**Available data:**
--*--
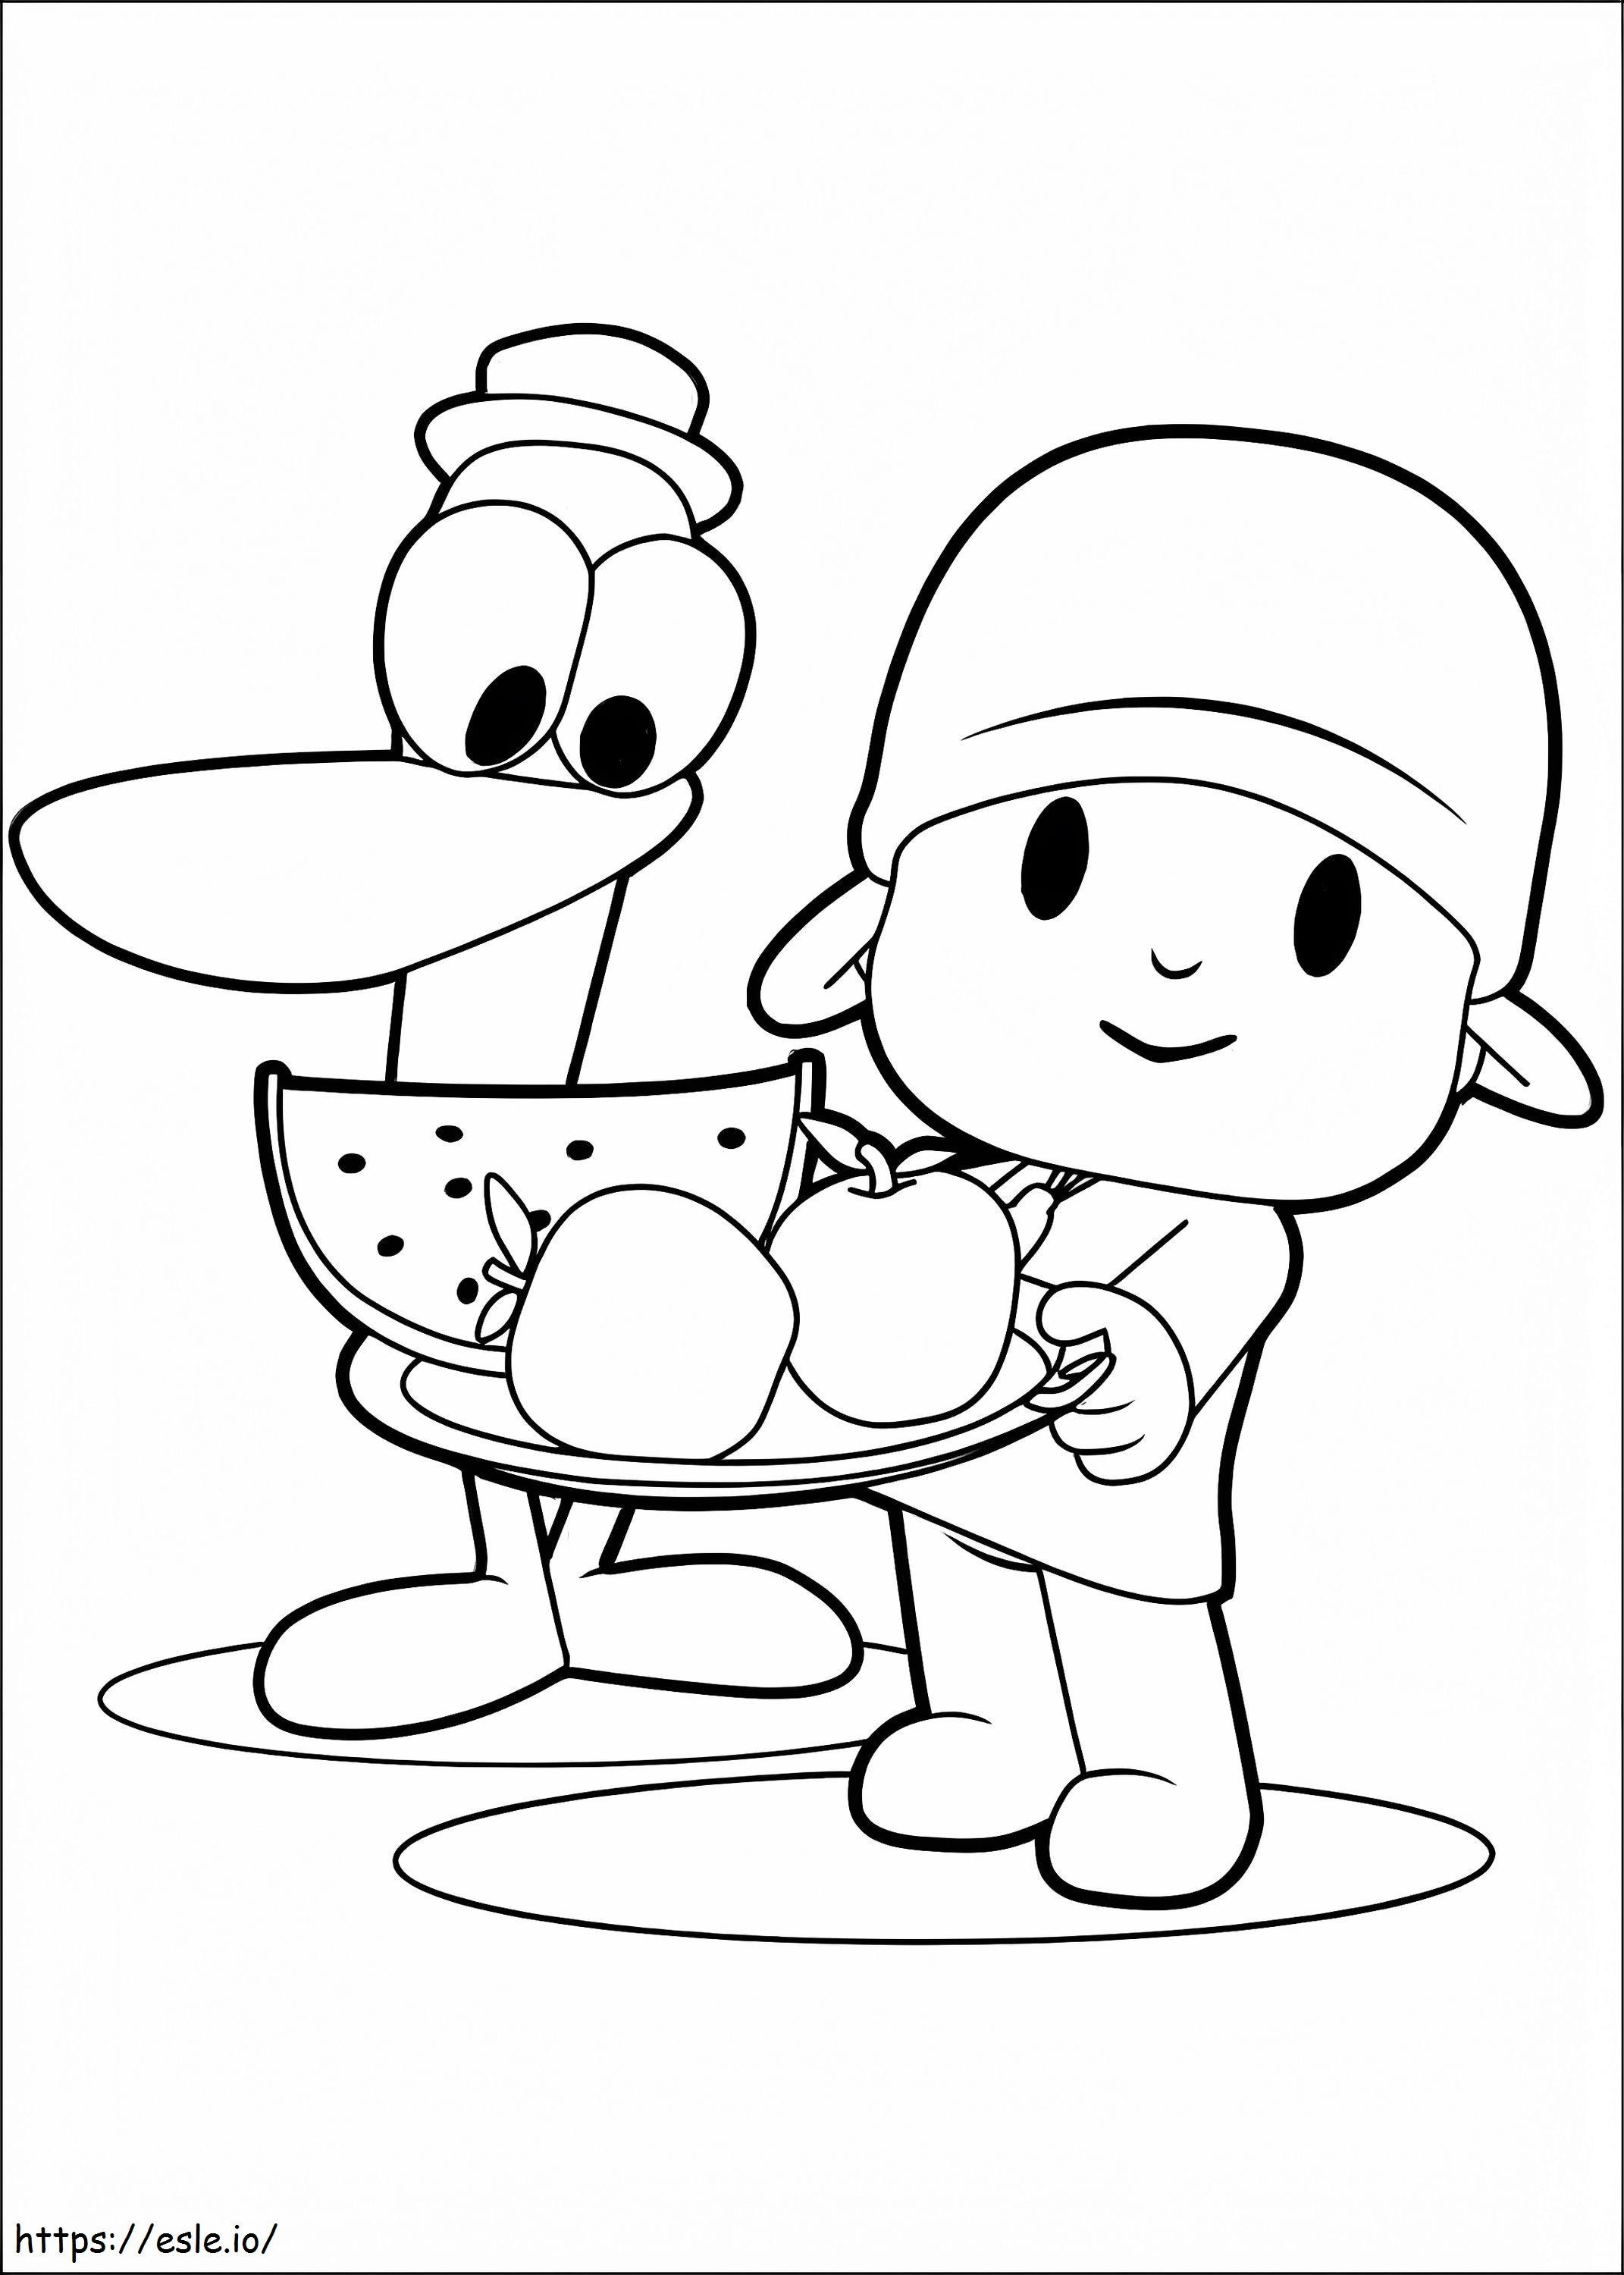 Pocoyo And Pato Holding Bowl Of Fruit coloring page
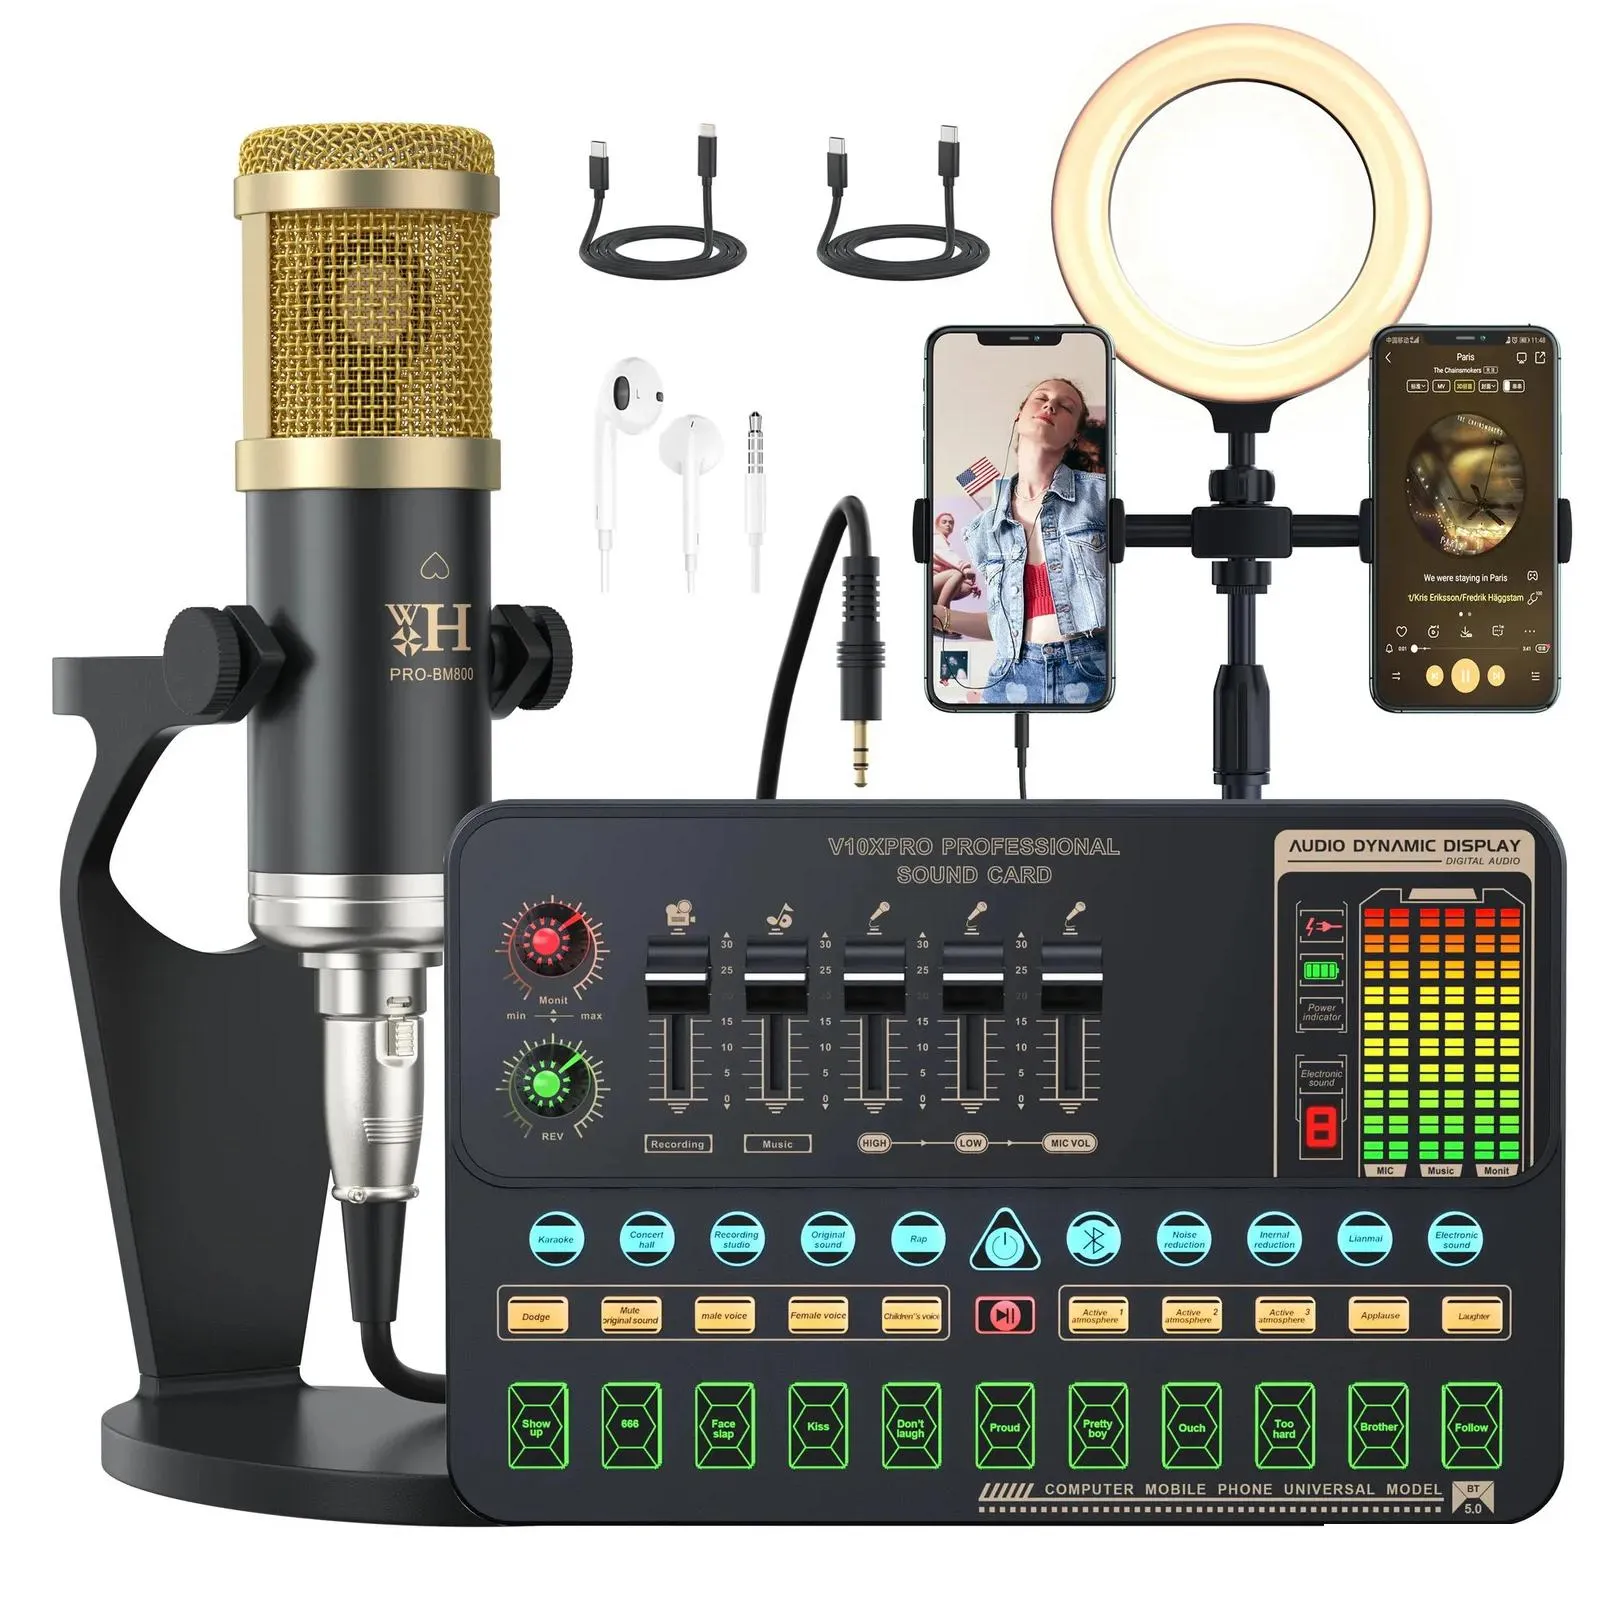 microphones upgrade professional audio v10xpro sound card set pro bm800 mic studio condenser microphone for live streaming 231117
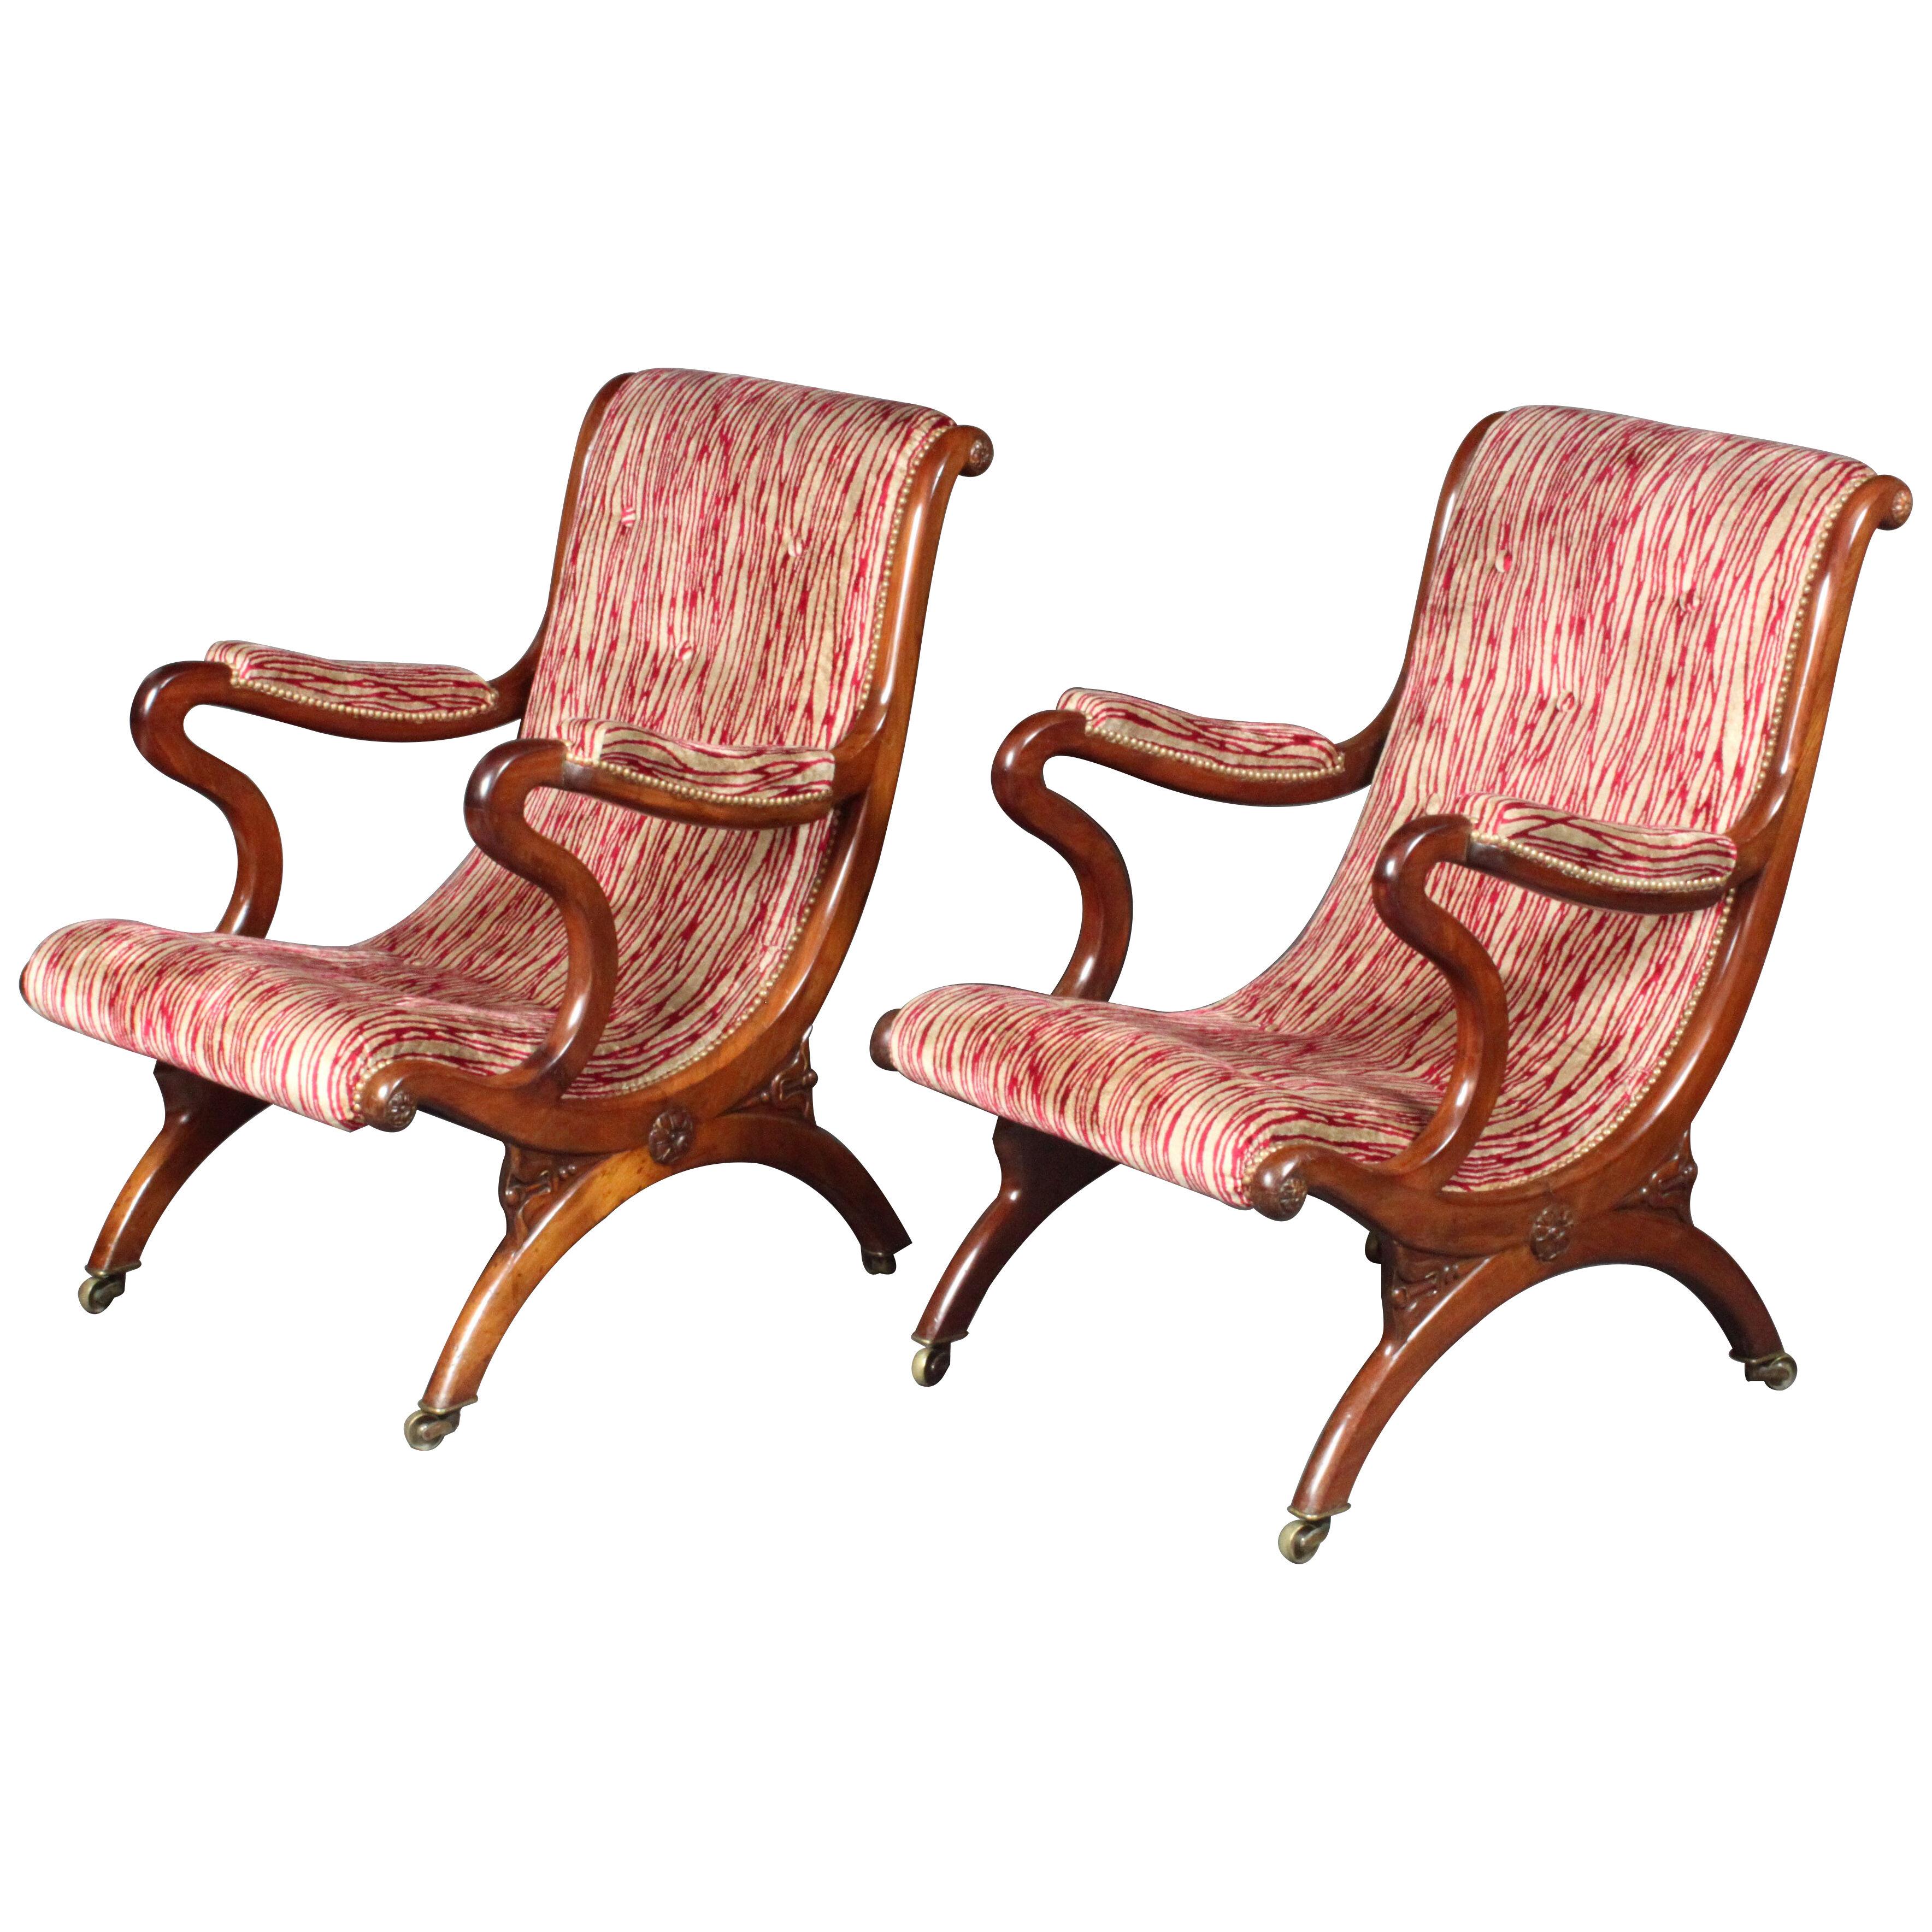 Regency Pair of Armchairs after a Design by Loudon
--*--
**Activity:** Return the full listing exactly as it appears above, without its pictures.

**Task output:**
 Pocoyo And Pato Holding Bowl Of Fruit coloring page
 microphones upgrade professional audio v10xpro sound card set pro bm800 mic studio condenser microphone for live streaming 231117
 Regency Pair of Armchairs after a Design by Loudon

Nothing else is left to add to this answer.